(EXERCISE OBJECTIVE) Please retype the data in full, exactly as given.

(DATA SUPPLIED)
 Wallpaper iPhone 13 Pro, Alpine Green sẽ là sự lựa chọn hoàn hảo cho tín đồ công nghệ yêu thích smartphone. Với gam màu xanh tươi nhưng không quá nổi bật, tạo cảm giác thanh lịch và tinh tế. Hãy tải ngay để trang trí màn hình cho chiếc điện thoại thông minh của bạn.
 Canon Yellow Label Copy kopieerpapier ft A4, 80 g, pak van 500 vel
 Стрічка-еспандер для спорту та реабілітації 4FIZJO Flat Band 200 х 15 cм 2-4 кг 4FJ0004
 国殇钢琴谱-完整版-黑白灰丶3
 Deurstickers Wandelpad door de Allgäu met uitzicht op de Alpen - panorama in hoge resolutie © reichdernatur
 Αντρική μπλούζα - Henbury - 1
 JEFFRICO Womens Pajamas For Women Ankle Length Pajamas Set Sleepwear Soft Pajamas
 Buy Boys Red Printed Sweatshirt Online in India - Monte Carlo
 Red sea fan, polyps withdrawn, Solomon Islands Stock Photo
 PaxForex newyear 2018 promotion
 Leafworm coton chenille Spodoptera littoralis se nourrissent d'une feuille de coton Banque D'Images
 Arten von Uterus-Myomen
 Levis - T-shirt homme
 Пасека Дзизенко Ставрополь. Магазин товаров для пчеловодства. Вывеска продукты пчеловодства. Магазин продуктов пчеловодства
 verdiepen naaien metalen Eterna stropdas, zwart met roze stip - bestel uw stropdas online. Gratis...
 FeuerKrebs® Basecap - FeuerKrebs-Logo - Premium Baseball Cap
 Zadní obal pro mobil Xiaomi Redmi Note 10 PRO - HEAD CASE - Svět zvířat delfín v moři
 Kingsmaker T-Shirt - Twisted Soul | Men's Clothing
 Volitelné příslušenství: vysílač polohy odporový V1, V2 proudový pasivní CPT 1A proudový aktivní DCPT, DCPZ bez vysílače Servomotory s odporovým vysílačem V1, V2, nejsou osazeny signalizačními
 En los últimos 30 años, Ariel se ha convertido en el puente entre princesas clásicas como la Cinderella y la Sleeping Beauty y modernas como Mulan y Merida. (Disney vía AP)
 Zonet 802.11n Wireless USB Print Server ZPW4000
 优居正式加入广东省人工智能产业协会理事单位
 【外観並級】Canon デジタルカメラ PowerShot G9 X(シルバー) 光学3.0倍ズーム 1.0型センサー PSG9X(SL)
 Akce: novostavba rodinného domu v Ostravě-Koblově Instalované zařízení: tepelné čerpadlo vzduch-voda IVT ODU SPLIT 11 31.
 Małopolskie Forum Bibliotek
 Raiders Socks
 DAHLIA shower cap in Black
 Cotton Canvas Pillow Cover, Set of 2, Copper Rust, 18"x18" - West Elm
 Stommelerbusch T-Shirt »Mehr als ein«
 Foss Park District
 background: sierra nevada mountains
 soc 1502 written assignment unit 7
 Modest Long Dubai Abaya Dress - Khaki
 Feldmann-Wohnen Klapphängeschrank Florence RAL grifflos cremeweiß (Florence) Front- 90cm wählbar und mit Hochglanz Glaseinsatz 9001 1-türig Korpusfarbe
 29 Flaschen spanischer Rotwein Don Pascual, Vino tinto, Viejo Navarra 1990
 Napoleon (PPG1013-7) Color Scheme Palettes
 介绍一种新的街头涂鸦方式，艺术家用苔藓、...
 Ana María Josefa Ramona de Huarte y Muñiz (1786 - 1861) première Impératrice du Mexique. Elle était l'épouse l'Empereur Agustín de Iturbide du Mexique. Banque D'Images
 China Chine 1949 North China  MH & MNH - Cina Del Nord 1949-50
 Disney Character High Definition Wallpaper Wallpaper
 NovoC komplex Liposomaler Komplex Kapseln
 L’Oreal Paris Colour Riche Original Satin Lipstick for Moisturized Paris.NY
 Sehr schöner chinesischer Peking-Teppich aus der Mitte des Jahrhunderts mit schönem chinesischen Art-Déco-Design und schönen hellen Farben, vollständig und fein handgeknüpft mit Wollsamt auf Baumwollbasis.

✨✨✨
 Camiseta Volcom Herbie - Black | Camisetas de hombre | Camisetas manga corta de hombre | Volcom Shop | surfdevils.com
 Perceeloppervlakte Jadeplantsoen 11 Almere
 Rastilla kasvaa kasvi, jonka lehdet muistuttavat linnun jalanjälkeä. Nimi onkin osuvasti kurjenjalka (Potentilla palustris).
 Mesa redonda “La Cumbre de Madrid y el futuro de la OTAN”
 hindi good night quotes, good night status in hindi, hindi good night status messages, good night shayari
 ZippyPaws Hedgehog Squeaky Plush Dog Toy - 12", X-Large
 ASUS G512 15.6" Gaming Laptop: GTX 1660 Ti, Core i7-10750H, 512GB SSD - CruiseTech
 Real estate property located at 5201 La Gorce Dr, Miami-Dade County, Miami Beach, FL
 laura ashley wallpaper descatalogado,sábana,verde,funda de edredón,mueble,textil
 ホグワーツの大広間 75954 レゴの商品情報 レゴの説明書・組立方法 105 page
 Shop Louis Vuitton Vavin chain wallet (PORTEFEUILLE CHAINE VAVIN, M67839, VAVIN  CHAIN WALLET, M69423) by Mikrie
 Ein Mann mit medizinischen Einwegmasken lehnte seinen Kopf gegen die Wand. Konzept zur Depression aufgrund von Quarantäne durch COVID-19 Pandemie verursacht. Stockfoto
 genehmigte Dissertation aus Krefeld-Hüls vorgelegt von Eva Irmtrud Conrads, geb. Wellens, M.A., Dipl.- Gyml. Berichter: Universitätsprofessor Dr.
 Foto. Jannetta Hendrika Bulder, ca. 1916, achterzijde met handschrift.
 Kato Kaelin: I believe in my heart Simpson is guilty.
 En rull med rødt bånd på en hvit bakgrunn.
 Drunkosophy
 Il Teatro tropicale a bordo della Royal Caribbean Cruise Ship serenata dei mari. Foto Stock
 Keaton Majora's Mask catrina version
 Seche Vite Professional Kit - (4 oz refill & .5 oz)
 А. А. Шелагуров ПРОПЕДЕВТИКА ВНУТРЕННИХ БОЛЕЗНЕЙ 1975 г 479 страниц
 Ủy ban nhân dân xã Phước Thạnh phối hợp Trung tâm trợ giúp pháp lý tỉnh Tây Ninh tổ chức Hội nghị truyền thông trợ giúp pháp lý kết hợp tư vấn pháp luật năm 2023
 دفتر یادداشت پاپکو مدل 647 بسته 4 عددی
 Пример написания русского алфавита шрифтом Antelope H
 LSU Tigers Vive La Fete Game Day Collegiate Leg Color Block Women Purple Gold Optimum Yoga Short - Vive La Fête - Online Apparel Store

(EXERCISE OUTPUT)
 Wallpaper iPhone 13 Pro, Alpine Green sẽ là sự lựa chọn hoàn hảo cho tín đồ công nghệ yêu thích smartphone. Với gam màu xanh tươi nhưng không quá nổi bật, tạo cảm giác thanh lịch và tinh tế. Hãy tải ngay để trang trí màn hình cho chiếc điện thoại thông minh của bạn.
 Canon Yellow Label Copy kopieerpapier ft A4, 80 g, pak van 500 vel
 Стрічка-еспандер для спорту та реабілітації 4FIZJO Flat Band 200 х 15 cм 2-4 кг 4FJ0004
 国殇钢琴谱-完整版-黑白灰丶3
 Deurstickers Wandelpad door de Allgäu met uitzicht op de Alpen - panorama in hoge resolutie © reichdernatur
 Αντρική μπλούζα - Henbury - 1
 JEFFRICO Womens Pajamas For Women Ankle Length Pajamas Set Sleepwear Soft Pajamas
 Buy Boys Red Printed Sweatshirt Online in India - Monte Carlo
 Red sea fan, polyps withdrawn, Solomon Islands Stock Photo
 PaxForex newyear 2018 promotion
 Leafworm coton chenille Spodoptera littoralis se nourrissent d'une feuille de coton Banque D'Images
 Arten von Uterus-Myomen
 Levis - T-shirt homme
 Пасека Дзизенко Ставрополь. Магазин товаров для пчеловодства. Вывеска продукты пчеловодства. Магазин продуктов пчеловодства
 verdiepen naaien metalen Eterna stropdas, zwart met roze stip - bestel uw stropdas online. Gratis...
 FeuerKrebs® Basecap - FeuerKrebs-Logo - Premium Baseball Cap
 Zadní obal pro mobil Xiaomi Redmi Note 10 PRO - HEAD CASE - Svět zvířat delfín v moři
 Kingsmaker T-Shirt - Twisted Soul | Men's Clothing
 Volitelné příslušenství: vysílač polohy odporový V1, V2 proudový pasivní CPT 1A proudový aktivní DCPT, DCPZ bez vysílače Servomotory s odporovým vysílačem V1, V2, nejsou osazeny signalizačními
 En los últimos 30 años, Ariel se ha convertido en el puente entre princesas clásicas como la Cinderella y la Sleeping Beauty y modernas como Mulan y Merida. (Disney vía AP)
 Zonet 802.11n Wireless USB Print Server ZPW4000
 优居正式加入广东省人工智能产业协会理事单位
 【外観並級】Canon デジタルカメラ PowerShot G9 X(シルバー) 光学3.0倍ズーム 1.0型センサー PSG9X(SL)
 Akce: novostavba rodinného domu v Ostravě-Koblově Instalované zařízení: tepelné čerpadlo vzduch-voda IVT ODU SPLIT 11 31.
 Małopolskie Forum Bibliotek
 Raiders Socks
 DAHLIA shower cap in Black
 Cotton Canvas Pillow Cover, Set of 2, Copper Rust, 18"x18" - West Elm
 Stommelerbusch T-Shirt »Mehr als ein«
 Foss Park District
 background: sierra nevada mountains
 soc 1502 written assignment unit 7
 Modest Long Dubai Abaya Dress - Khaki
 Feldmann-Wohnen Klapphängeschrank Florence RAL grifflos cremeweiß (Florence) Front- 90cm wählbar und mit Hochglanz Glaseinsatz 9001 1-türig Korpusfarbe
 29 Flaschen spanischer Rotwein Don Pascual, Vino tinto, Viejo Navarra 1990
 Napoleon (PPG1013-7) Color Scheme Palettes
 介绍一种新的街头涂鸦方式，艺术家用苔藓、...
 Ana María Josefa Ramona de Huarte y Muñiz (1786 - 1861) première Impératrice du Mexique. Elle était l'épouse l'Empereur Agustín de Iturbide du Mexique. Banque D'Images
 China Chine 1949 North China  MH & MNH - Cina Del Nord 1949-50
 Disney Character High Definition Wallpaper Wallpaper
 NovoC komplex Liposomaler Komplex Kapseln
 L’Oreal Paris Colour Riche Original Satin Lipstick for Moisturized Paris.NY
 Sehr schöner chinesischer Peking-Teppich aus der Mitte des Jahrhunderts mit schönem chinesischen Art-Déco-Design und schönen hellen Farben, vollständig und fein handgeknüpft mit Wollsamt auf Baumwollbasis.

✨✨✨
 Camiseta Volcom Herbie - Black | Camisetas de hombre | Camisetas manga corta de hombre | Volcom Shop | surfdevils.com
 Perceeloppervlakte Jadeplantsoen 11 Almere
 Rastilla kasvaa kasvi, jonka lehdet muistuttavat linnun jalanjälkeä. Nimi onkin osuvasti kurjenjalka (Potentilla palustris).
 Mesa redonda “La Cumbre de Madrid y el futuro de la OTAN”
 hindi good night quotes, good night status in hindi, hindi good night status messages, good night shayari
 ZippyPaws Hedgehog Squeaky Plush Dog Toy - 12", X-Large
 ASUS G512 15.6" Gaming Laptop: GTX 1660 Ti, Core i7-10750H, 512GB SSD - CruiseTech
 Real estate property located at 5201 La Gorce Dr, Miami-Dade County, Miami Beach, FL
 laura ashley wallpaper descatalogado,sábana,verde,funda de edredón,mueble,textil
 ホグワーツの大広間 75954 レゴの商品情報 レゴの説明書・組立方法 105 page
 Shop Louis Vuitton Vavin chain wallet (PORTEFEUILLE CHAINE VAVIN, M67839, VAVIN  CHAIN WALLET, M69423) by Mikrie
 Ein Mann mit medizinischen Einwegmasken lehnte seinen Kopf gegen die Wand. Konzept zur Depression aufgrund von Quarantäne durch COVID-19 Pandemie verursacht. Stockfoto
 genehmigte Dissertation aus Krefeld-Hüls vorgelegt von Eva Irmtrud Conrads, geb. Wellens, M.A., Dipl.- Gyml. Berichter: Universitätsprofessor Dr.
 Foto. Jannetta Hendrika Bulder, ca. 1916, achterzijde met handschrift.
 Kato Kaelin: I believe in my heart Simpson is guilty.
 En rull med rødt bånd på en hvit bakgrunn.
 Drunkosophy
 Il Teatro tropicale a bordo della Royal Caribbean Cruise Ship serenata dei mari. Foto Stock
 Keaton Majora's Mask catrina version
 Seche Vite Professional Kit - (4 oz refill & .5 oz)
 А. А. Шелагуров ПРОПЕДЕВТИКА ВНУТРЕННИХ БОЛЕЗНЕЙ 1975 г 479 страниц
 Ủy ban nhân dân xã Phước Thạnh phối hợp Trung tâm trợ giúp pháp lý tỉnh Tây Ninh tổ chức Hội nghị truyền thông trợ giúp pháp lý kết hợp tư vấn pháp luật năm 2023
 دفتر یادداشت پاپکو مدل 647 بسته 4 عددی
 Пример написания русского алфавита шрифтом Antelope H
 LSU Tigers Vive La Fete Game Day Collegiate Leg Color Block Women Purple Gold Optimum Yoga Short - Vive La Fête - Online Apparel Store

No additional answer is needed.